Перевели меня в отделение № 1, которым заведовала какая-то старуха. Её фамилию, имя и отчество я не помню. Но знаю, что вскоре она ушла на пенсию.

Дня через два после перевода в первое отделение у меня с ней состоялся короткий разговор. Я отвечал на те ее вопросы, которые касались состояния здоровья, но когда она задала мне вопрос о моих политических взглядах, то я ей ответил так:

Николаев: Я отказываюсь говорить с вами о своих политических убеждениях, потому что политические убеждения - личное дело каждого человека.

Заведующая отделением: Я с вами согласна. Но вы прививаете свои взгляды своим детям.

Николаев: Я своих взглядов моей дочери не прививаю уже хотя бы потому, что нахожусь здесь. И кроме того - ей только четыре года. Сами понимаете, что у ребенка в этом возрасте интересы совершенно другие.

Вскоре вышел из отпуска врач-мужчина, которого временно замещала Жанна Николаевна Трухан*.

 


* Впоследствии он стал главным врачом психбольницы № 5

 

- 79 -

Он тоже вызвал меня на беседу для знакомства. Поначалу его вопросы касались в основном состояния здоровья. Но вдруг он задал мне вопрос политический. Самого вопроса я не помню, но помню сам тон, явно рассчитанный на провоцирование «аффекта», о котором писали Белый и Туберт. Я улыбнулся ему в ответ и сказал:

- Если вас так политика интересует, то лучше говорите о ней не со мной, потому что я ей не занимаюсь, а поступите в университет марксизма-ленинизма. Там вам все растолкуют, что вам до сих пор осталось неясным. У вас в больнице, кстати, он работает.

Письмо от моей бывшей жены пришло уже в первое отделение. Она категорически возражала против моей выписки. Оно и понятно: я в больнице, моя дочка у моей матери, ее ребенок в детском саду на пятидневке, а она одна в трёхкомнатной квартире.

«Вам надо добиваться раздела жилой площади, - сказал мне лечащий врач, - иначе мы вас не выпишем».

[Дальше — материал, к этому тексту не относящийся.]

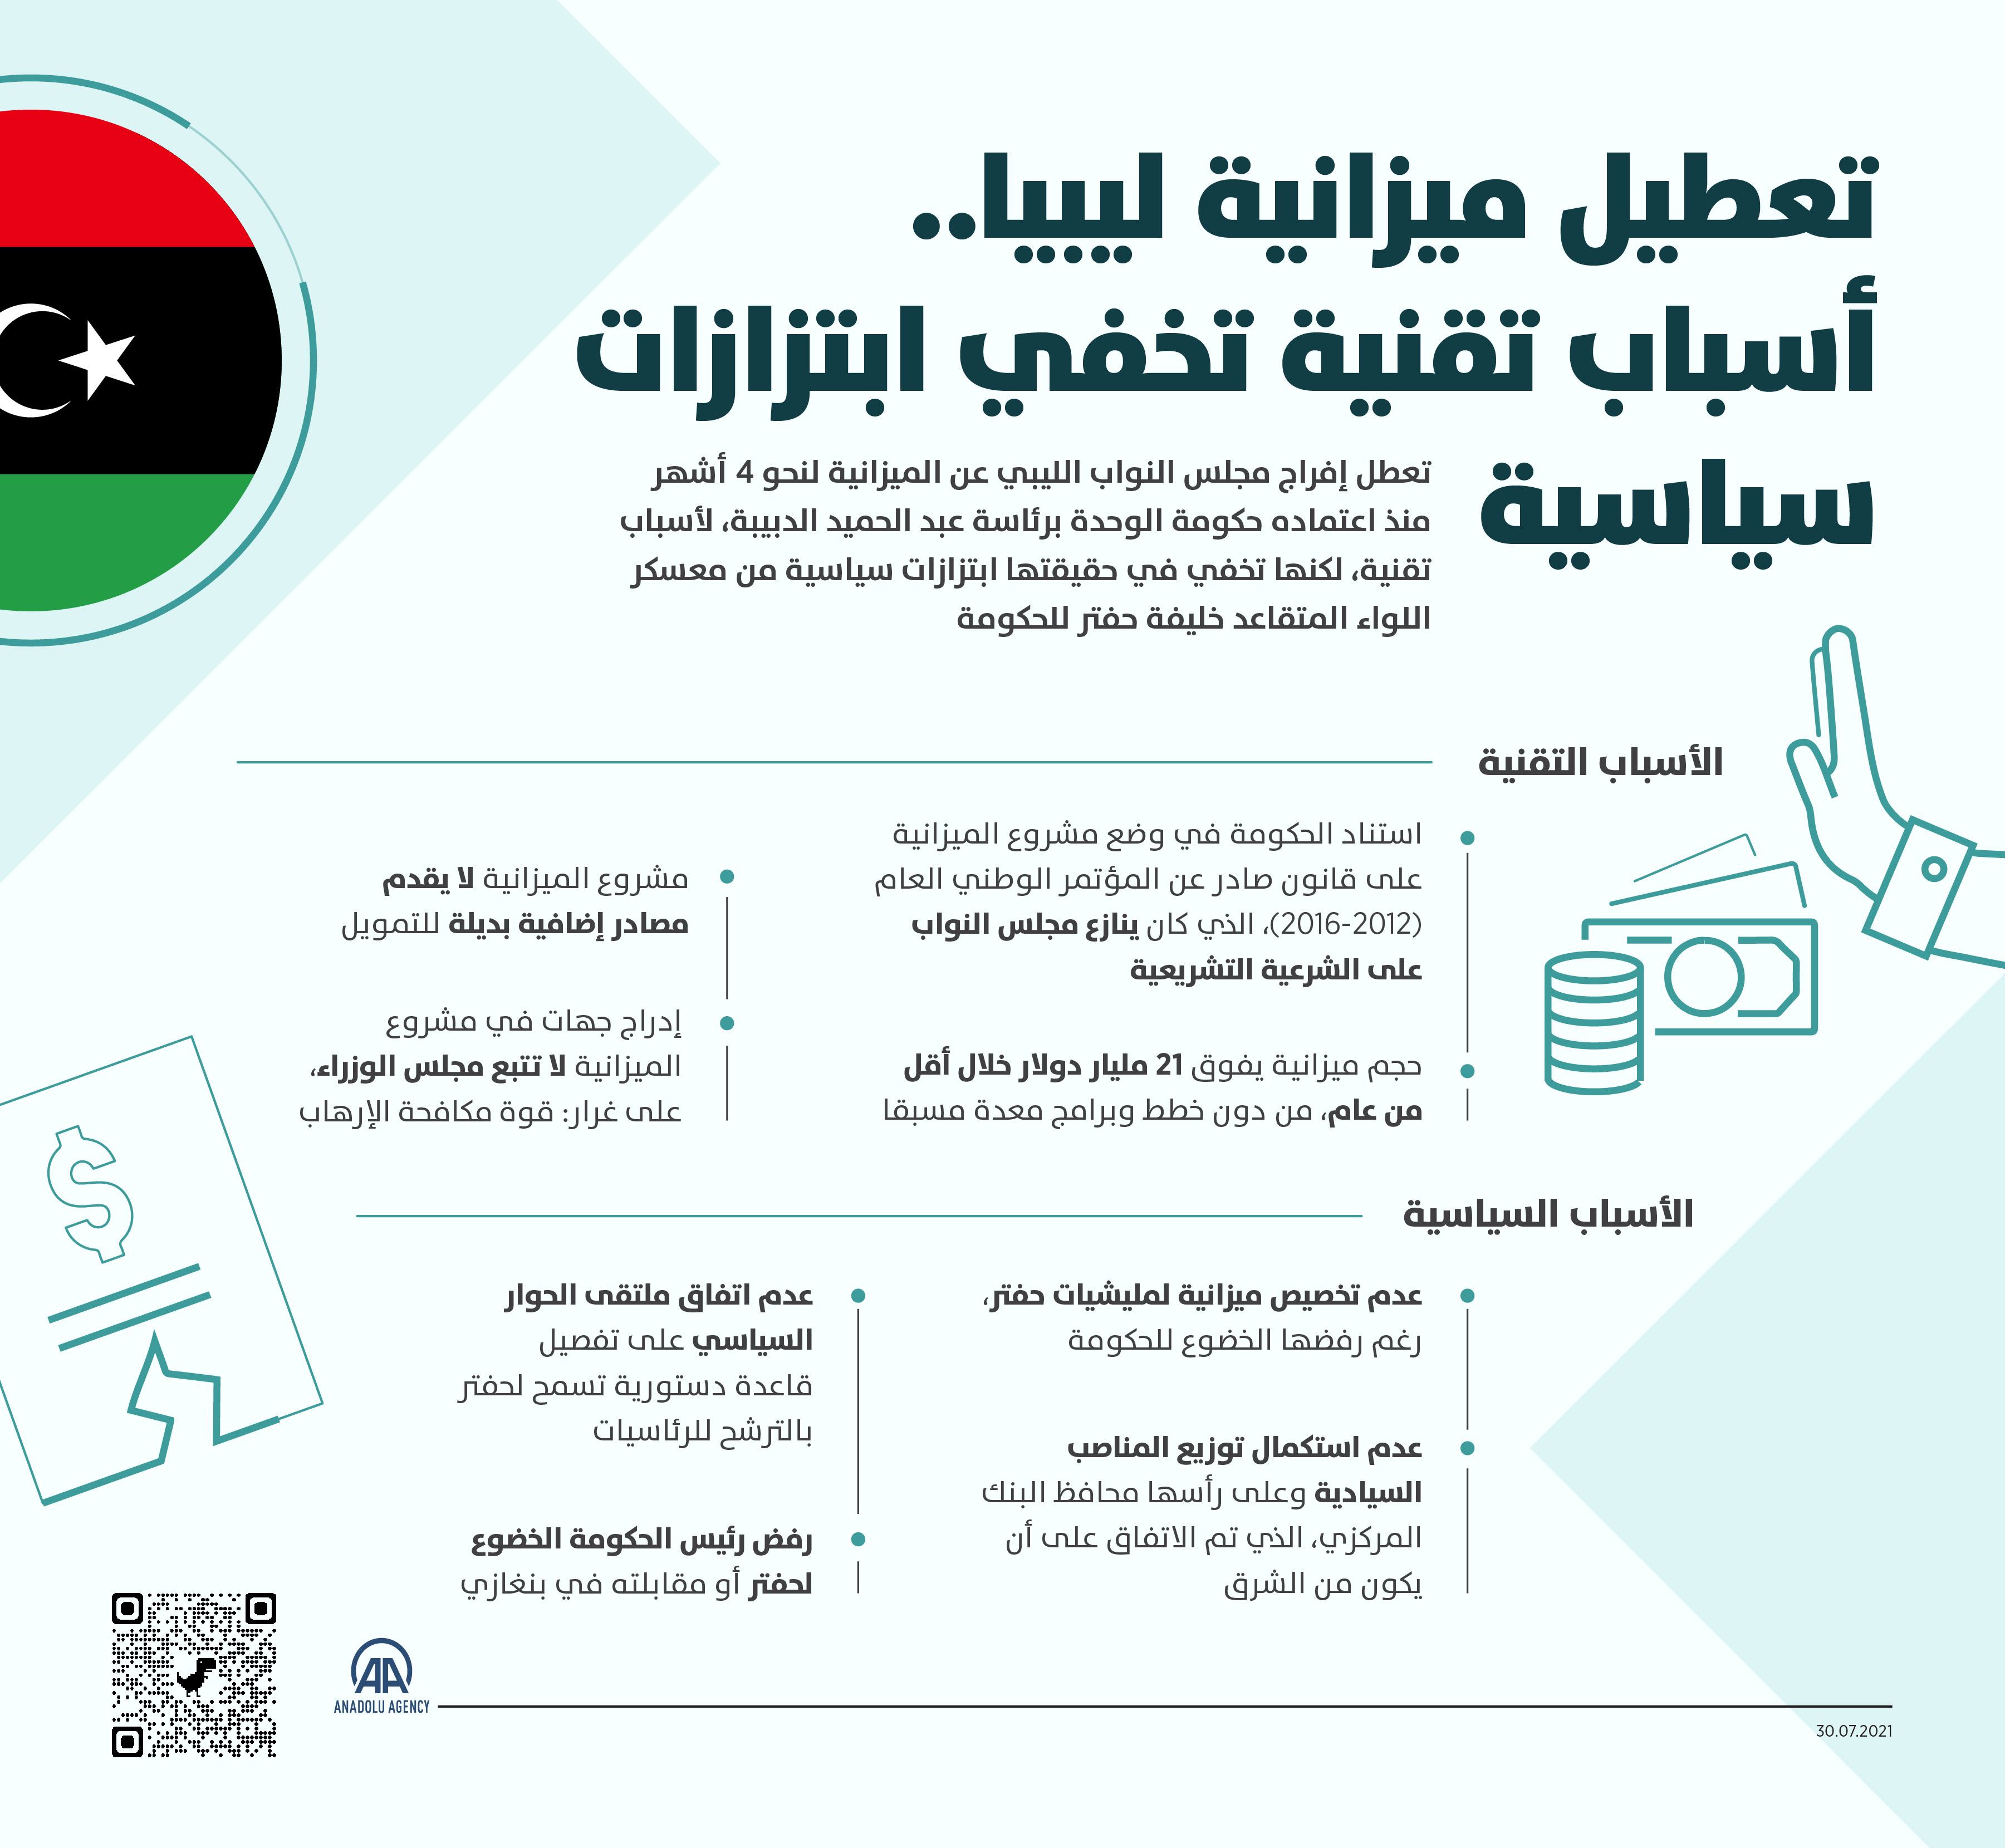 تعطيل ميزانية ليبيا.. أسباب تقنية تخفي ابتزازات سياسية

В первом отделении я познакомился с Витаутасом Григасом, очень приятным человеком, в прошлом учителем черчения. Он мне представился тогда как литовец и я, пока находился в первом отделении, взял у него несколько уроков литовского языка. Но о нём подробнее пойдет речь в будущем, когда я буду описывать события 1973-1974 годов.

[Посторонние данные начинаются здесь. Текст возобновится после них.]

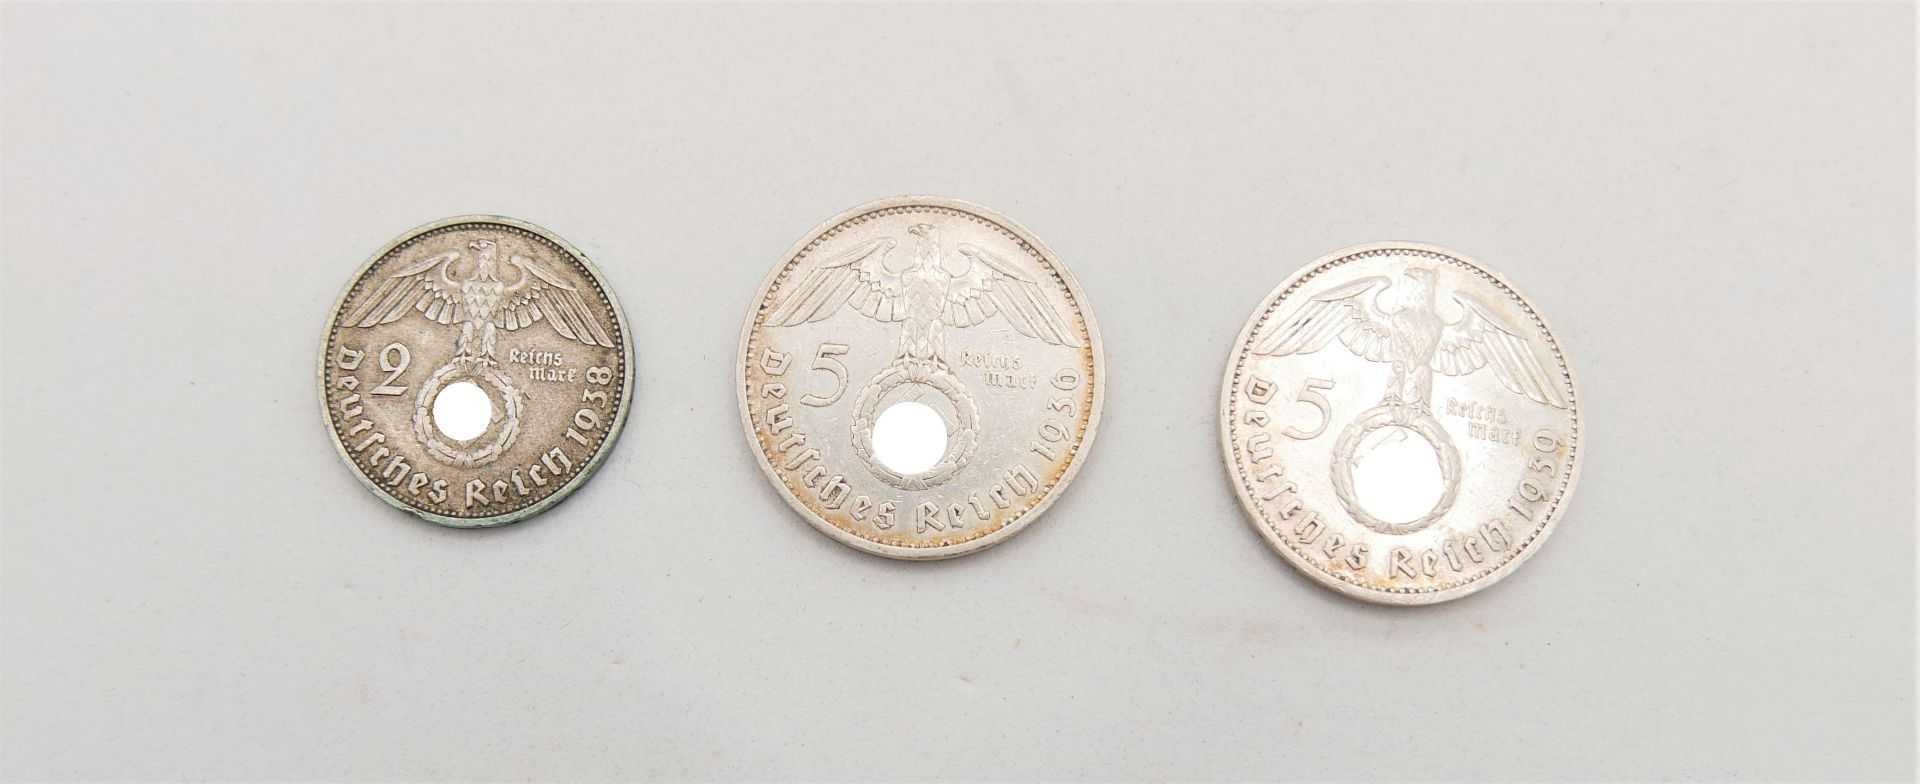 Drittes Reich, 3 Silbermünzen, 2x 5 Mark sowie 1x 2 Mark.

Был в отделении интересный больной по фамилии Серебренников. У него были голоса, которые его всё время окликали. Другие пациенты знали об этом и тихо шептали ему издалека: «Серебренников, Серебренников, Серебренников...»

А Серебренников потом шел к врачам и жаловался им, что голоса по-прежнему продолжают его звать.

Однажды в отделении произошел такой эпизод: по телевизору показывали фильм-спектакль о Февральской революции 1917 года.

По ходу действия телефильма проходило заседание Совета рабочих, солдатских и крестьянских депутатов. Вдруг открывается дверь, в зал заседания совета заглядывает монархист. Посмотрел, покрутил головой, послушал, затем закрыл дверь и побежал к своим друзьям-монархистам, которым сказал: «Не могу я смотреть, как заседает этот проклятый совет собачьих депутатов!»

Ну как тут было не зааплодировать? Я и зааплодировал. Да

 

- 80 -

не один: аплодисменты не жидкие получились: почти всё отделение усердно хлопало в ладоши.

Фильм-спектакль кончился, прошло еще часа два или три, я о фильме уже и позабыл.

И вдруг, совершенно неожиданно, меня переводят обратно в буйное отделение, к убийцам. Я теряюсь в догадках: за что? Почему? Вроде бы ни с врачами, ни с персоналом не поругался! Но тут меня вызывает к себе на очень содержательную беседу заведующий отделением Иткин Наум Григорьевич.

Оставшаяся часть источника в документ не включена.